Acosta Andres, Cifuentes Lizeth, Anazco Diego, O'Connor Timothy, Hurtado Maria, Ghusn Wissam, Campos Alejandro, Fansa Sima, McRae Alison, Madhusudhan Sunil, Kolkin Elle, Ryks Michael, Harmsen William, Abu Dayyeh Barham, Hensrud Donald, Camilleri Michael
Mayo Clinic.
Phenomix Sciences Inc.
Res Sq. 2024 May 23:rs.3.rs-4402499. doi: 10.21203/rs.3.rs-4402499/v1.
Satiation is the physiologic process that regulates meal size and termination, and it is quantified by the calories consumed to reach satiation. Given its role in energy intake, changes in satiation contribute to obesity's pathogenesis. Our study employed a protocolized approach to study the components of food intake regulation including a standardized breakfast, a gastric emptying study, appetite sensation testing, and a satiation measurement by an test. These studies revealed that satiation is highly variable among individuals, and while baseline characteristics, anthropometrics, body composition and hormones, contribute to this variability, these factors do not fully account for it. To address this gap, we explored the role of a germline polygenic risk score, which demonstrated a robust association with satiation. Furthermore, we developed a machine-learning-assisted gene risk score to predict satiation and leveraged this prediction to anticipate responses to anti-obesity medications. Our findings underscore the significance of satiation, its inherent variability, and the potential of a genetic risk score to forecast it, ultimately allowing us to predict responses to different anti-obesity interventions.
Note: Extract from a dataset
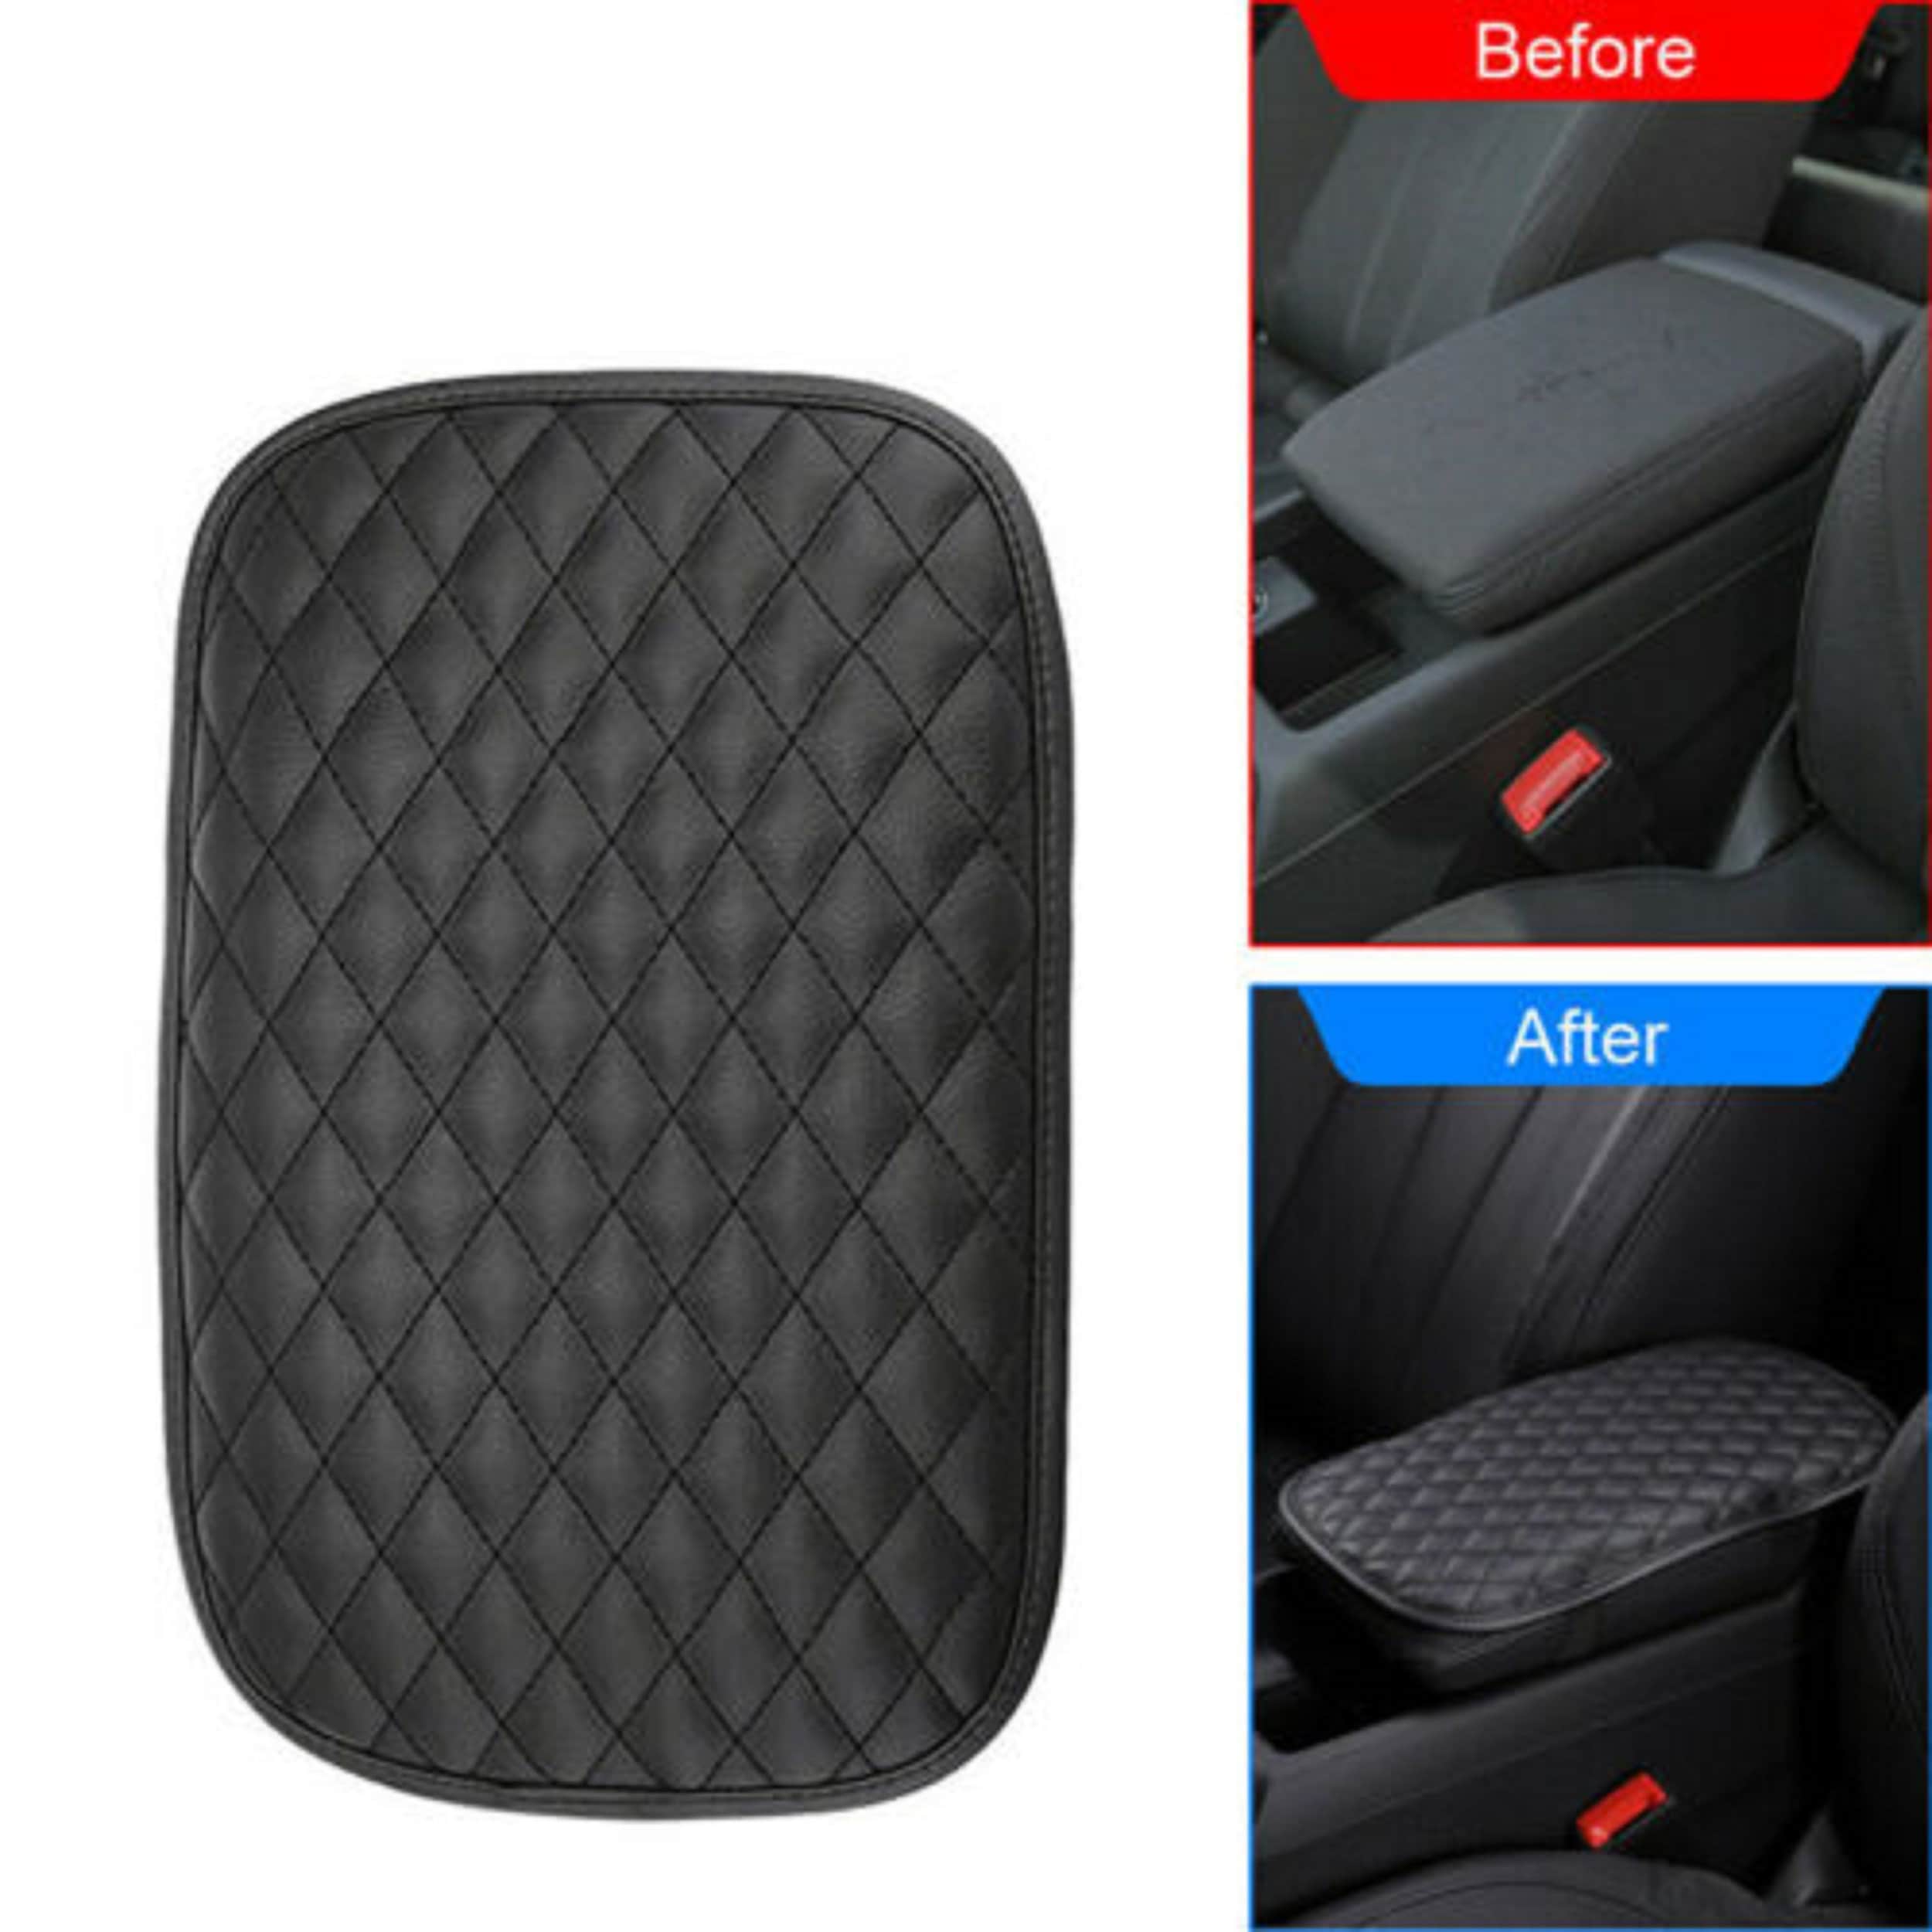 Valleycomfy Bling Bling Car Armrest Cover Universal Auto Center Console Cover Car Armrest Cushion Pads Armrest Protector with 2 Bling Car Cup Coasters for Vehicle SUV Truck Decor Black 
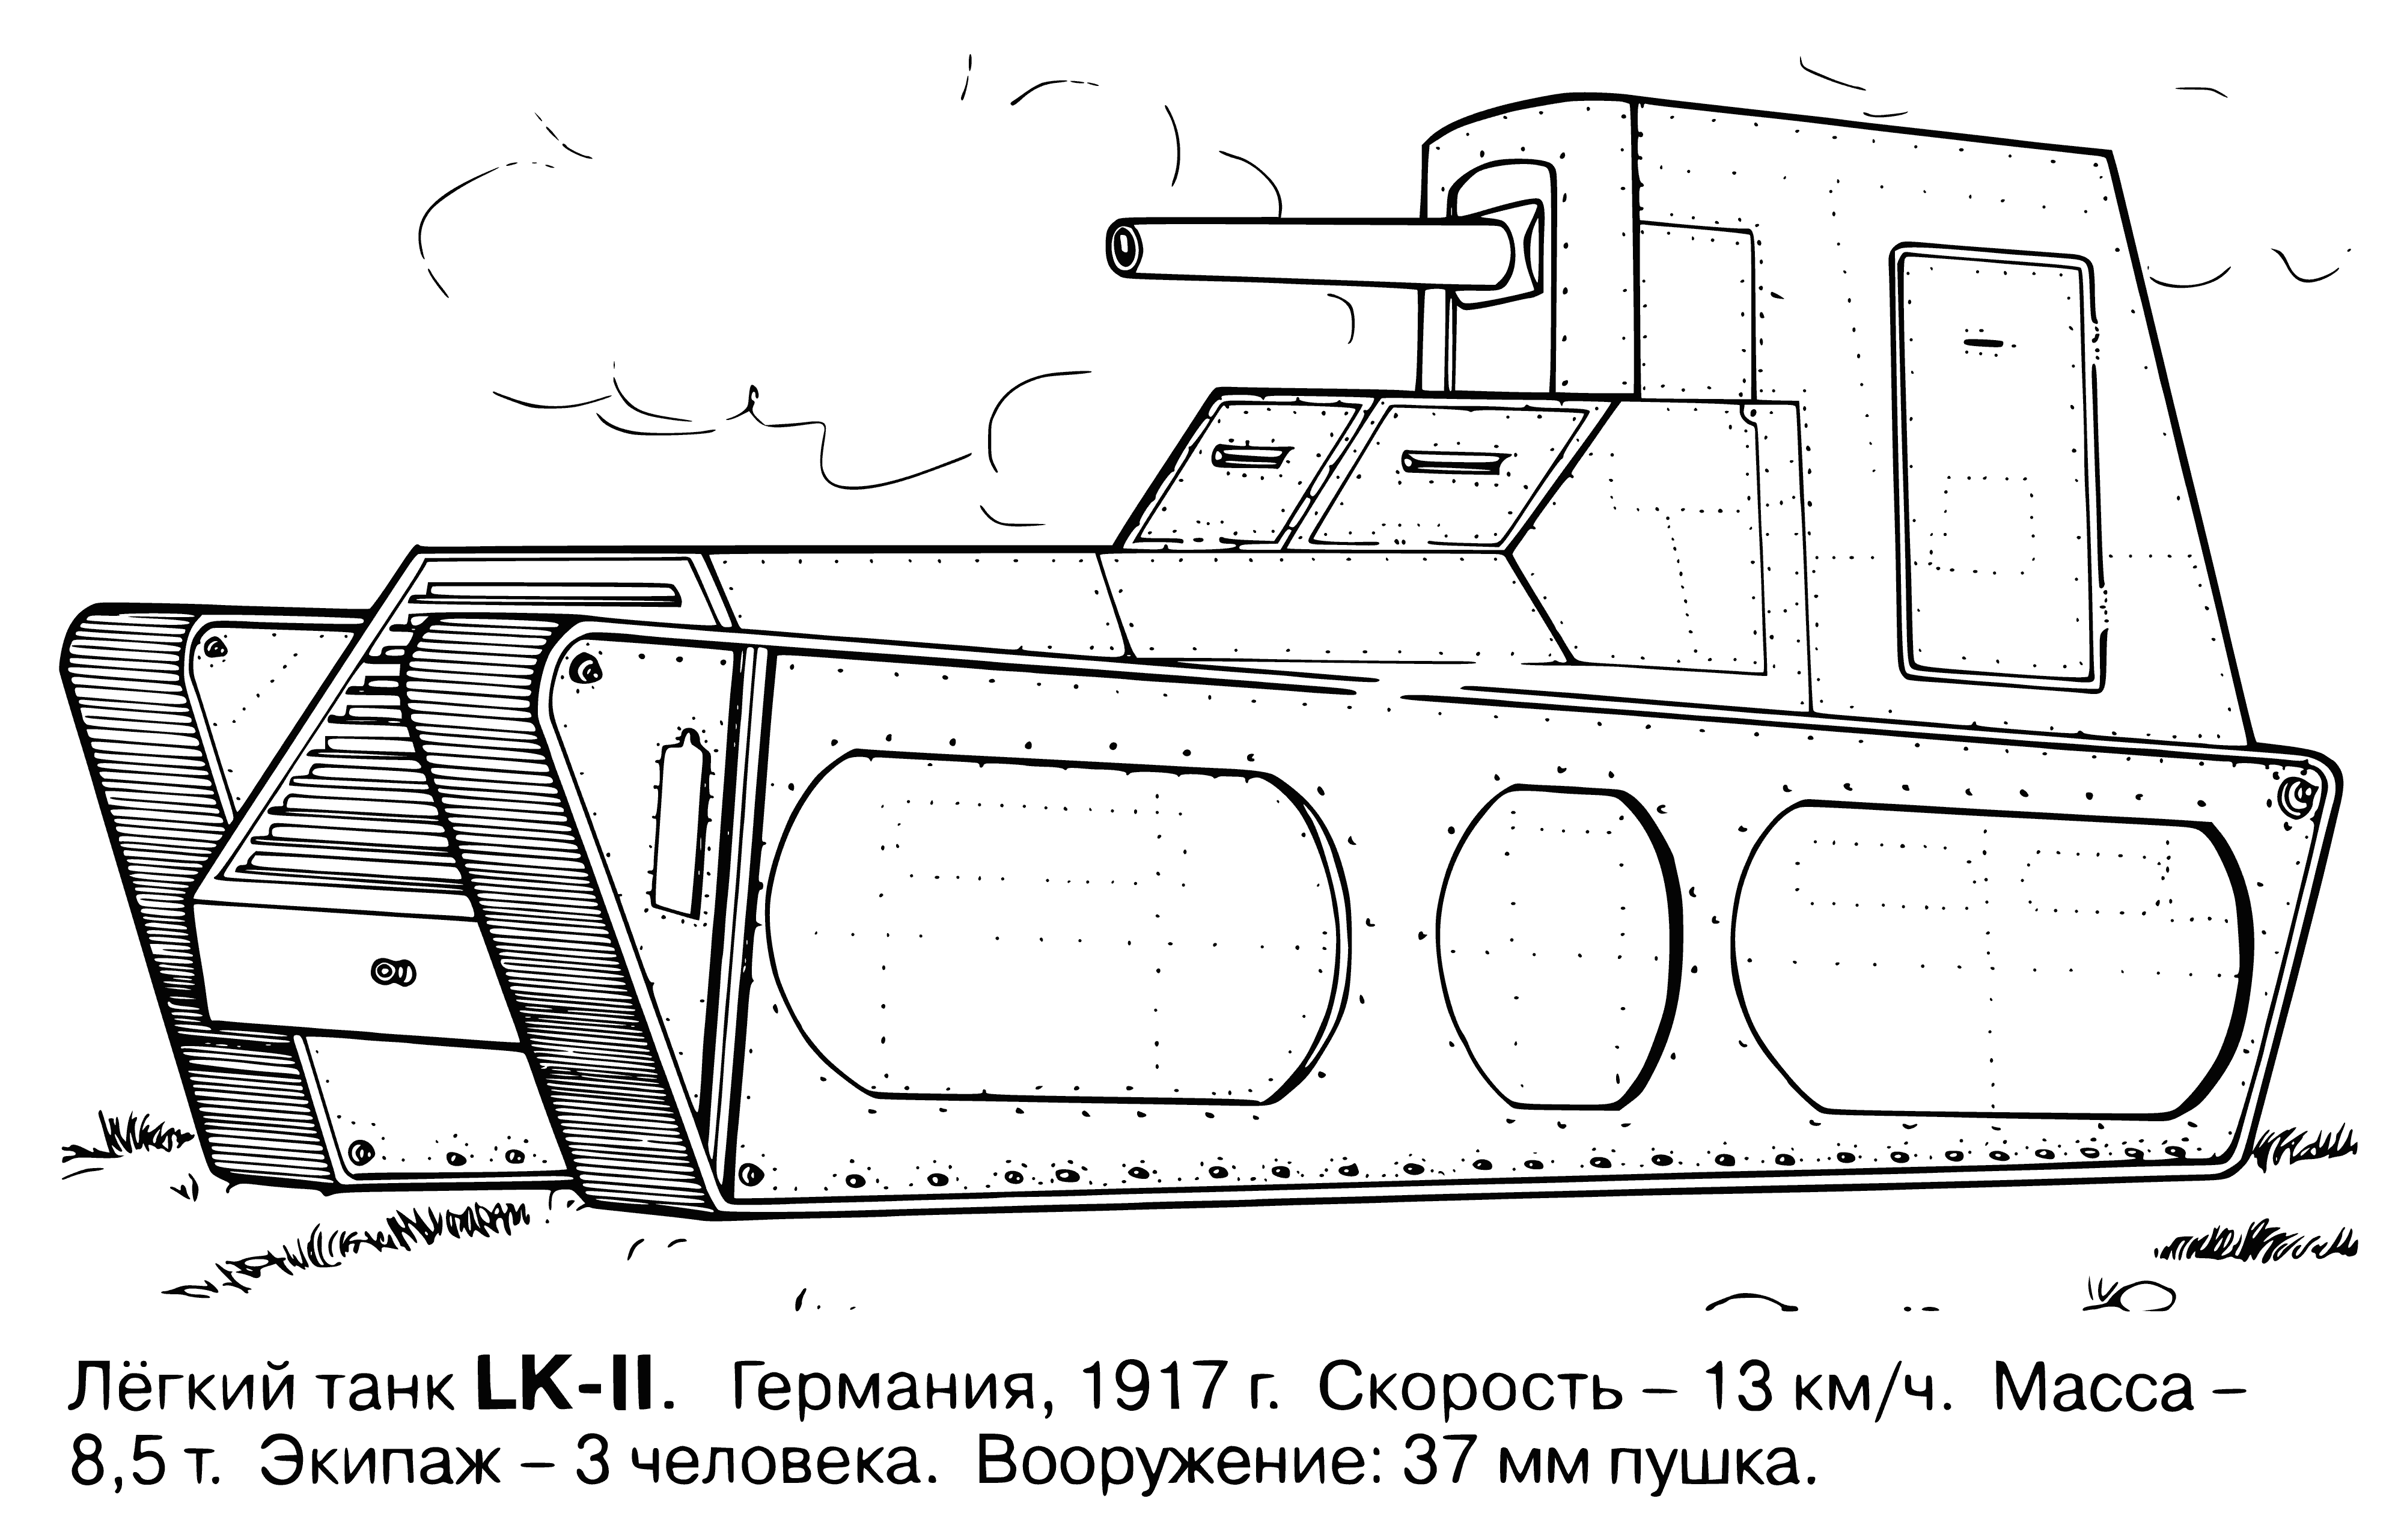 coloring page: Tank w/ light color, turret & person, moves forward.

饱腹感是调节进餐量和进餐终止的生理过程,它通过达到饱腹感所消耗的卡路里来量化。鉴于其在能量摄入中的作用,饱腹感的变化会导致肥胖症的发病机制。我们的研究采用了一种程序化方法来研究食物摄入调节的组成部分,包括标准化早餐、胃排空研究、食欲感觉测试以及通过[未提及的某种测试]进行的饱腹感测量。这些研究表明,饱腹感在个体之间存在很大差异,虽然基线特征、人体测量学、身体成分和激素会导致这种差异,但这些因素并不能完全解释它。为了填补这一空白,我们探索了种系多基因风险评分的作用,该评分与饱腹感表现出强烈关联。此外,我们开发了一种机器学习辅助的基因风险评分来预测饱腹感,并利用这一预测来预期对抗肥胖药物的反应。我们的研究结果强调了饱腹感的重要性、其固有的变异性以及基因风险评分预测它的潜力,最终使我们能够预测对不同抗肥胖干预措施的反应。